First generate the project like this:

                go mod init file-downloader
            

You can give any name to your project, I decide to name “file-downloader”. Open project in your favorite IDE (vs-code, Golang…). Now create file and name it “main.go”.

                package main

func worker(url string) error {
  // code here
}
 
func main() {
	var url = "https://agritrop.cirad.fr/584726/1/Rapport.pdf"
	err := worker(url)
	if err != nil {
		log.Fatal(err)
		return
	}
}
            

In this code, we can see a function (worker) to which we pass a url, and we’ll develop our program here.

                func worker(url string) error {
	if strings.TrimSpace(url) == "" {
		return errors.New("invalid url")
	}
	return nil
}
            

We check that the url received is valid and return error or we continue.

                func worker(url string) error {
	if strings.TrimSpace(url) == "" {
		return errors.New("invalid url")
	}
	res, err := http.Head(url)
	if err != nil {
		return errors.New("unsupported protocol scheme")
	}
	if res.Header.Get("Accept-Ranges") != "bytes" {
		return errors.New("unable to download file with multithreads")
	}
  	urlSplit := strings.Split(url, "/")
	filename := urlSplit[len(urlSplit)-1]
  
	return nil
}
            

We make a request on the url to retrieve the headers.

  • check if url is valid url, else return an error
  • check if header “Accept-Ranges” exists. If not exist, return an error
  • recover file name

Why do we have to check this header (Accept-Ranges) ?

The Accept-Ranges HTTP response header is a marker used by the server to advertise its support for partial requests from the client for file downloads.

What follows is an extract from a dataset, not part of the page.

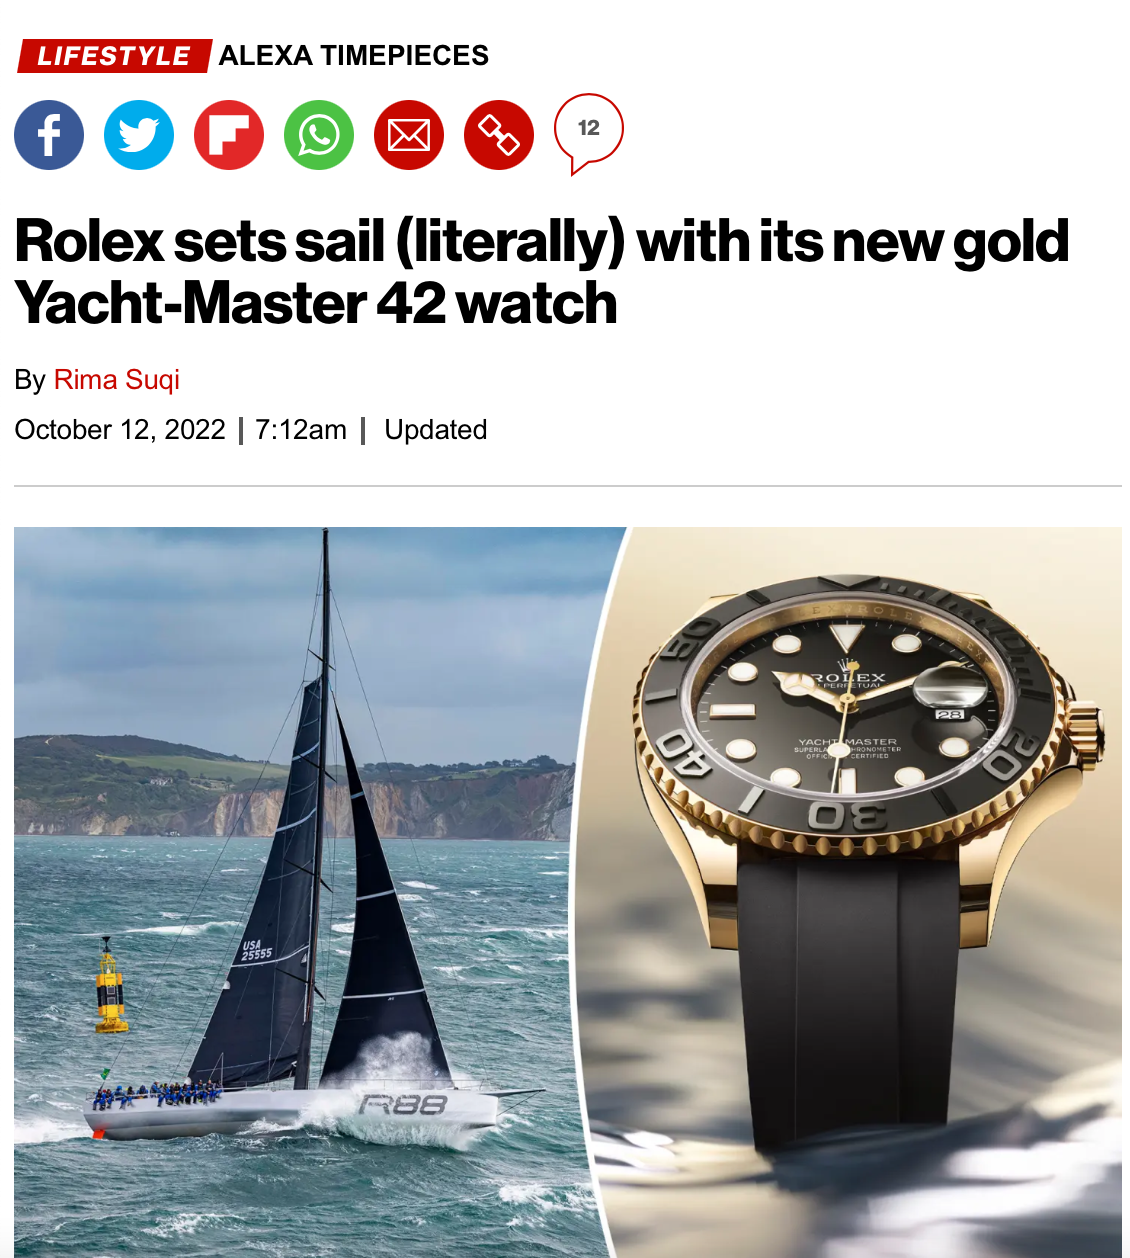 Rolex gold Yachtmaster, Alexa, NY Post, Rima Suqi
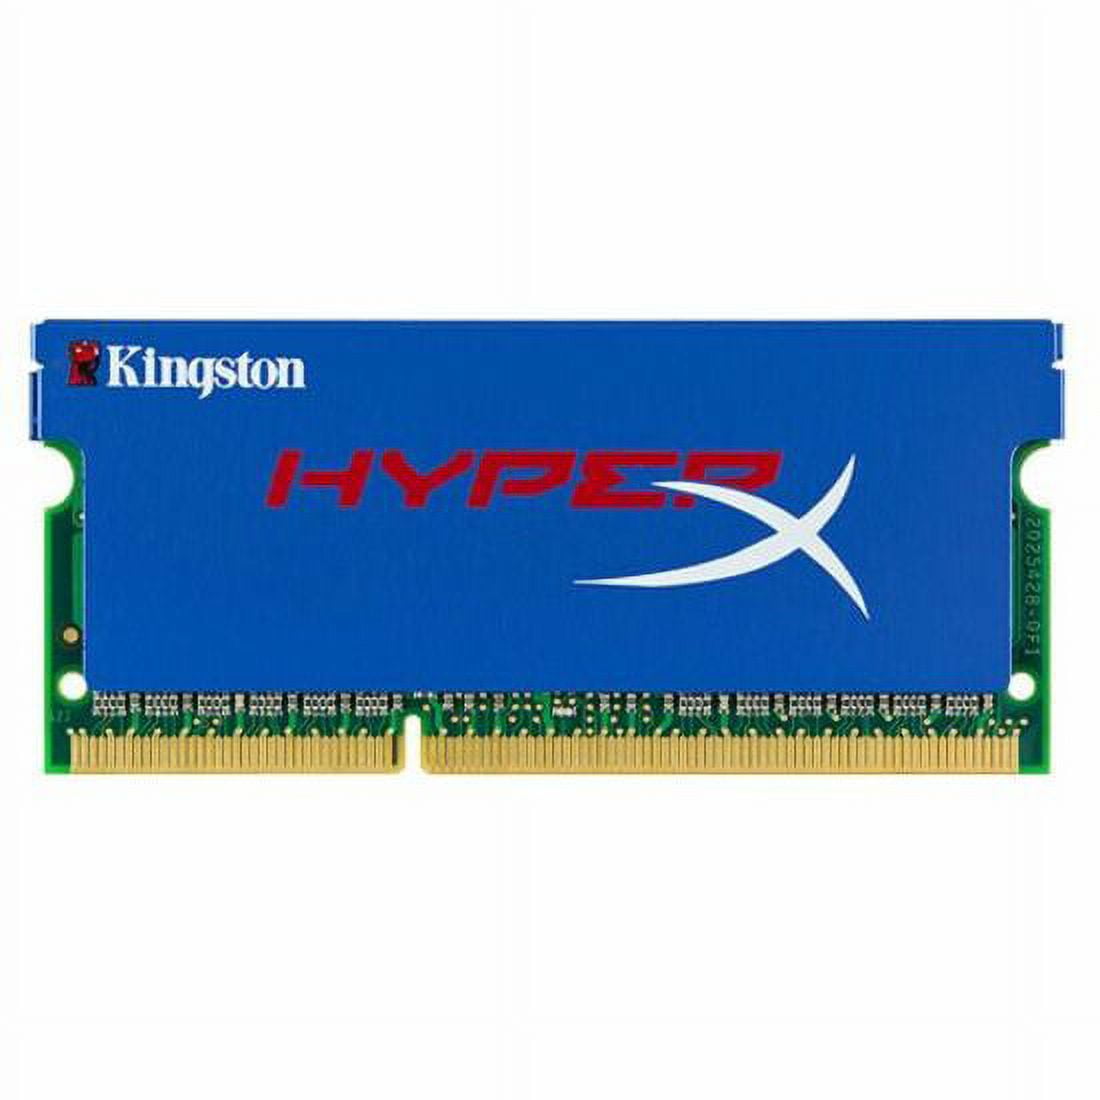 Kingston HyperX 4GB DDR3 SDRAM Memory Module

The value of this field indicates the unit that can be used to define a range.

In the presence of an Accept-Ranges header, the browser may try to resume an interrupted download instead of trying to restart the download (see more…).

In our case the ranges will allow us to split the file to be downloaded into several parts which will be provided to the goroutines.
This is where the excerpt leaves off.